It’s been nearly 100 years since we discovered that the Universe was expanding. Ever since, the scientists who study the expanding Universe have argued over two details of that expansion in particular. First off, there’s the question of how fast: what is the rate of expansion of the Universe, as we measure it today? And second, there’s the question of how this expansion rate changes over time, since the way the expansion changes is completely dependent on exactly what’s in our Universe.

Throughout the 20th century, different groups using different instruments and/or techniques measured different rates, leading to a number of controversies. The situation appeared to finally be resolved thanks to the Hubble key project: the main science goal of the Hubble Space Telescope. At last, everything pointed to the same picture. But today, 20 years after that important paper was released, a new tension has emerged. Depending on which technique you use to measure the expanding Universe, you get one of two values, and they don’t agree with each other. Worst of all, you can’t chalk it up to a calibration error, as some have recently tried to do. Here’s the science behind what’s going on.

The original 1929 observations of the Hubble expansion of the Universe, followed by subsequently more detailed, but also uncertain, observations. Hubble’s graph clearly shows the redshift-distance relation with superior data to his predecessors and competitors; the modern equivalents go much farther.

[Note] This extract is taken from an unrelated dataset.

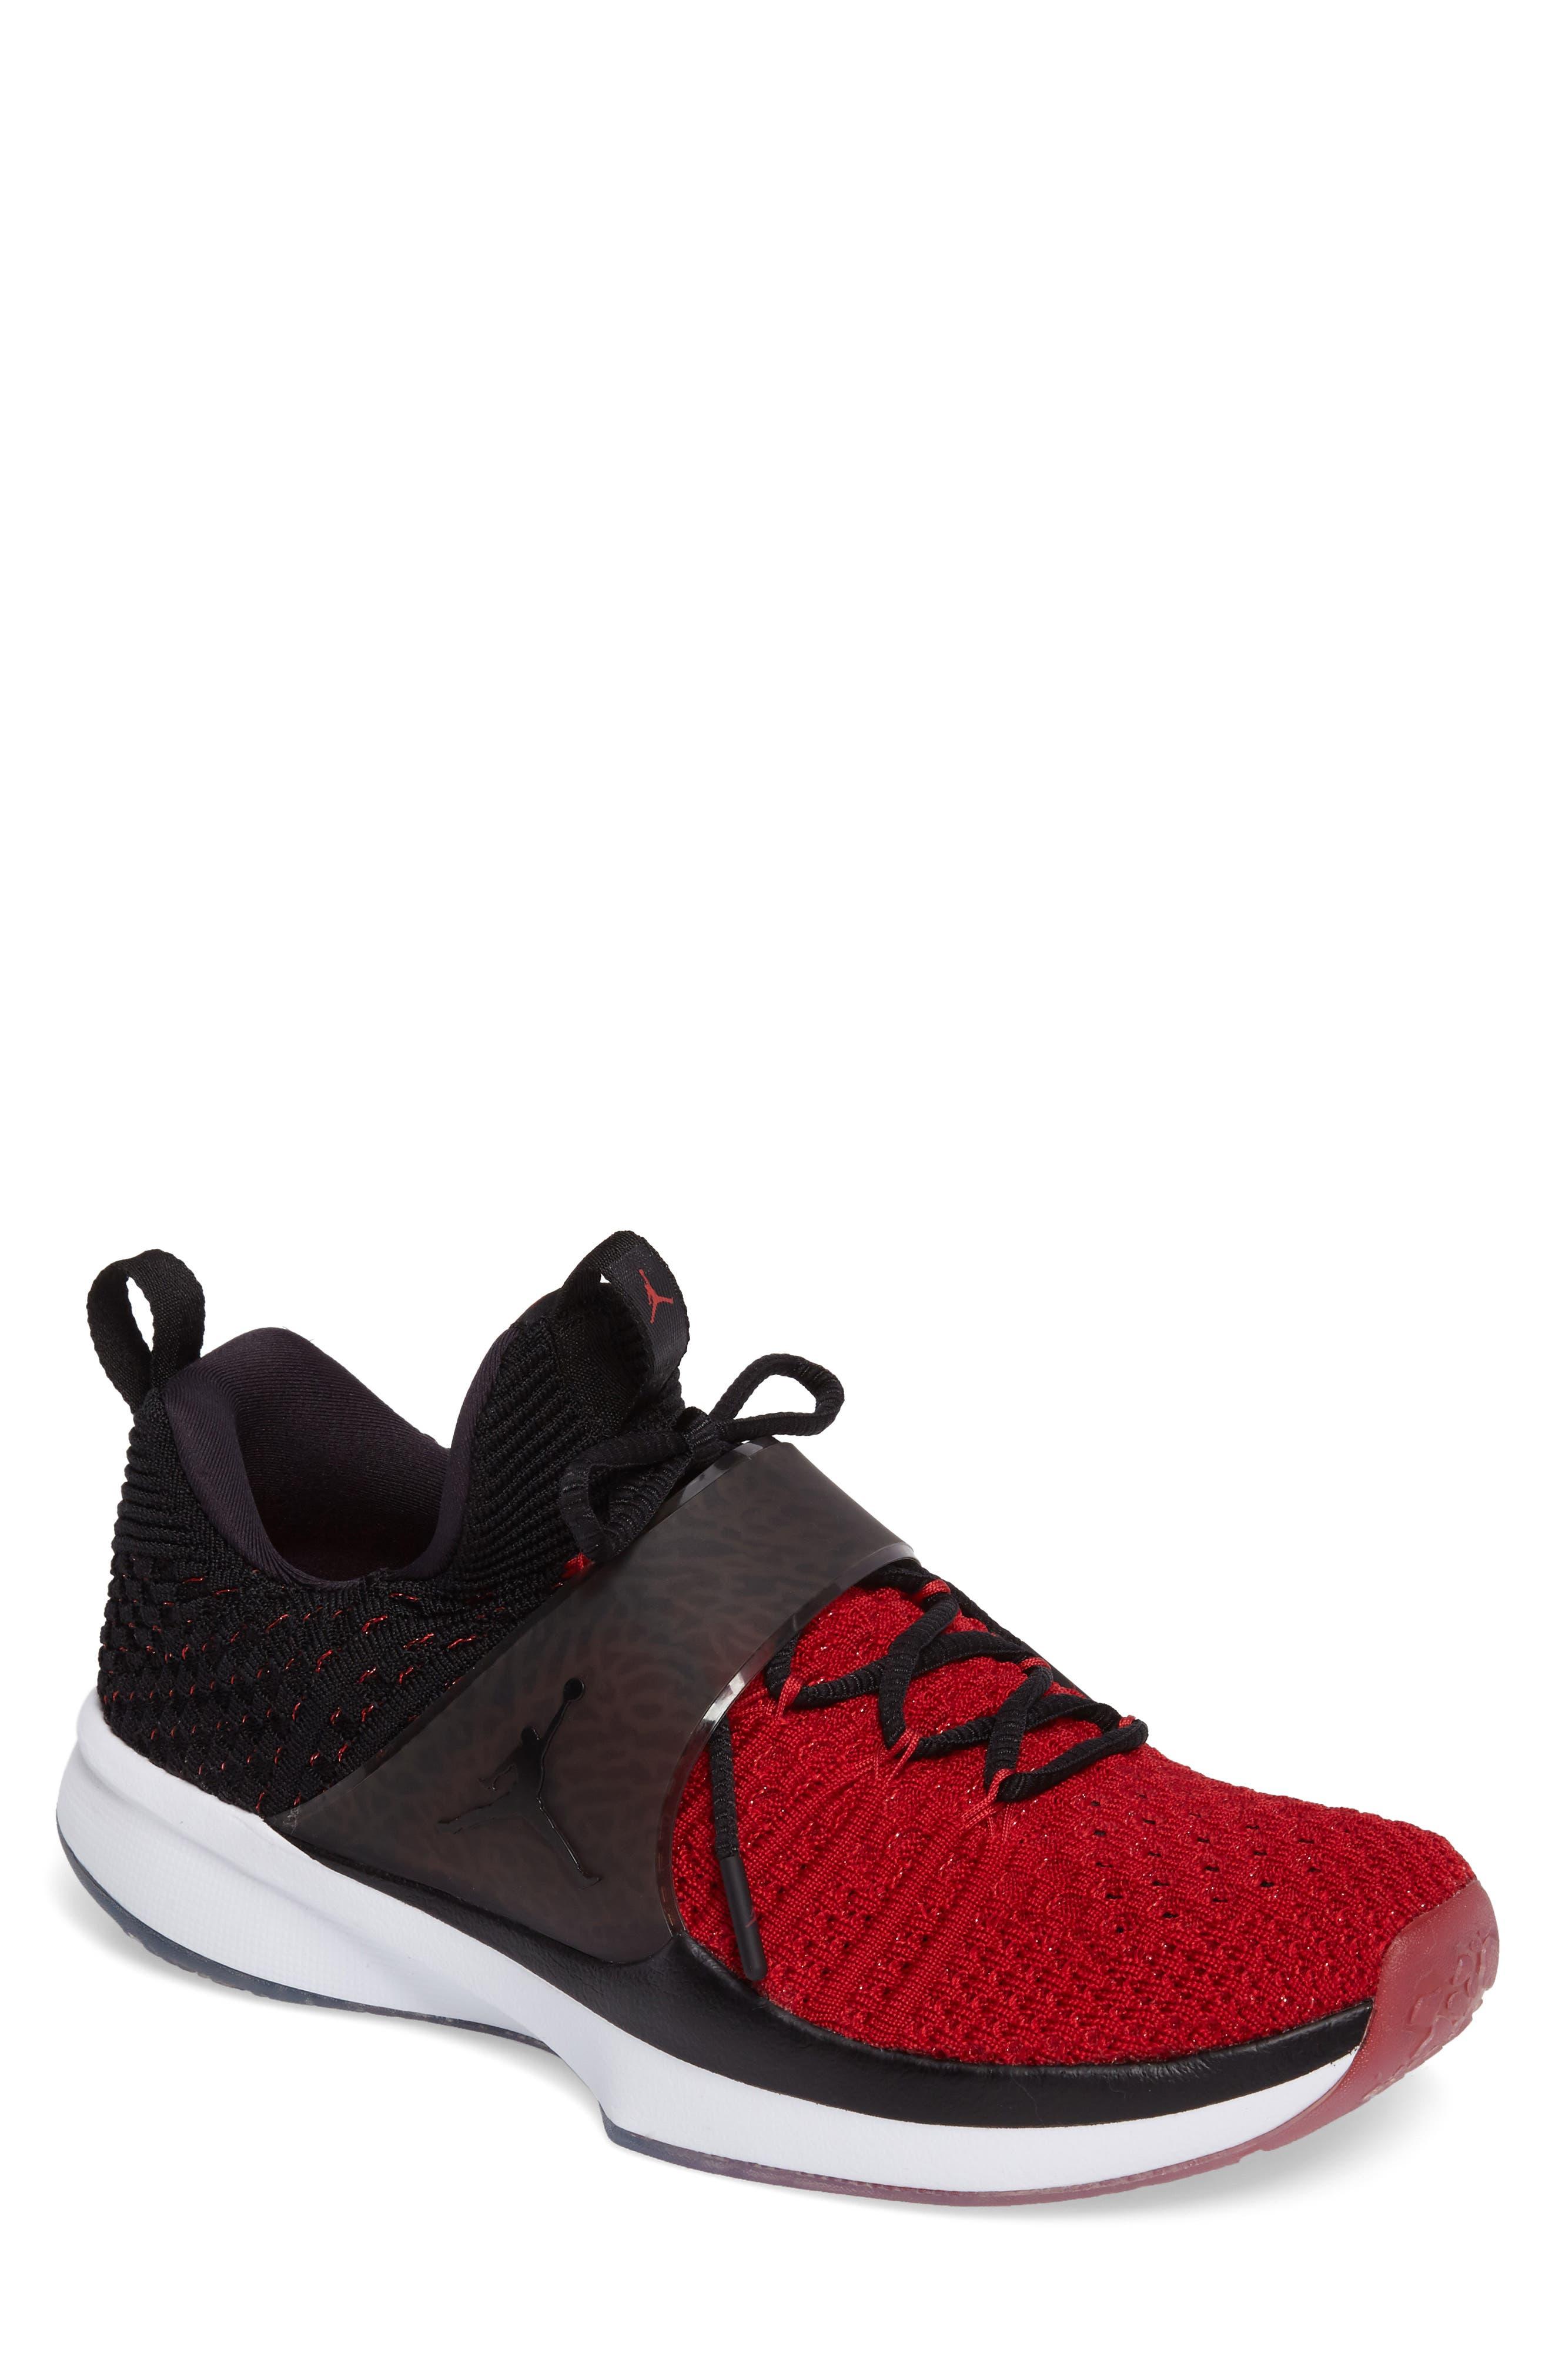 Nike Jordan Flyknit Trainer 2 Low Sneaker (Men)

Note that peculiar velocities always remain present, even at large distances, but that the general trend is what’s important. (ROBERT P. KIRSHNER (R), EDWIN HUBBLE (L))

If you want to measure how fast the Universe is expanding, there are basically two different ways to do it. You can:

  • look at an object that exists within the Universe,
  • know something fundamental about it (like its intrinsic brightness or its physical size),
  • measure the redshift of that object (which tells you how much its light has been shifted),
  • measure the observed thing that you fundamentally know (i.e., its apparent brightness or apparent size),

and put all of those things together to infer the expansion of the Universe.

This sure does look like one way to do it, right? So why did I say there are basically two different ways to do it? Because you can either pick something where you’re measuring its brightness, or you can pick something where you’re measuring its size. If you had a light bulb whose brightness you knew, and then you measured how bright it appeared, you’d be able to tell me how far away it is, because you know how brightness and distance are related. Similarly, if you had a measuring stick whose length you knew, and you measured how big it appeared, you’d be able to tell me its distance, because you know — geometrically — how angular size and physical size are related.

Standard candles (L) and standard rulers (R) are two different techniques astronomers use to measure the expansion of space at various times/distances in the past. As the Universe expands, distant objects appear fainter in a particular way, but distances between objects also evolve in a particular way. Both methods, independently, allow us to infer the Universe’s expansion history. (NASA/JPL-CALTECH)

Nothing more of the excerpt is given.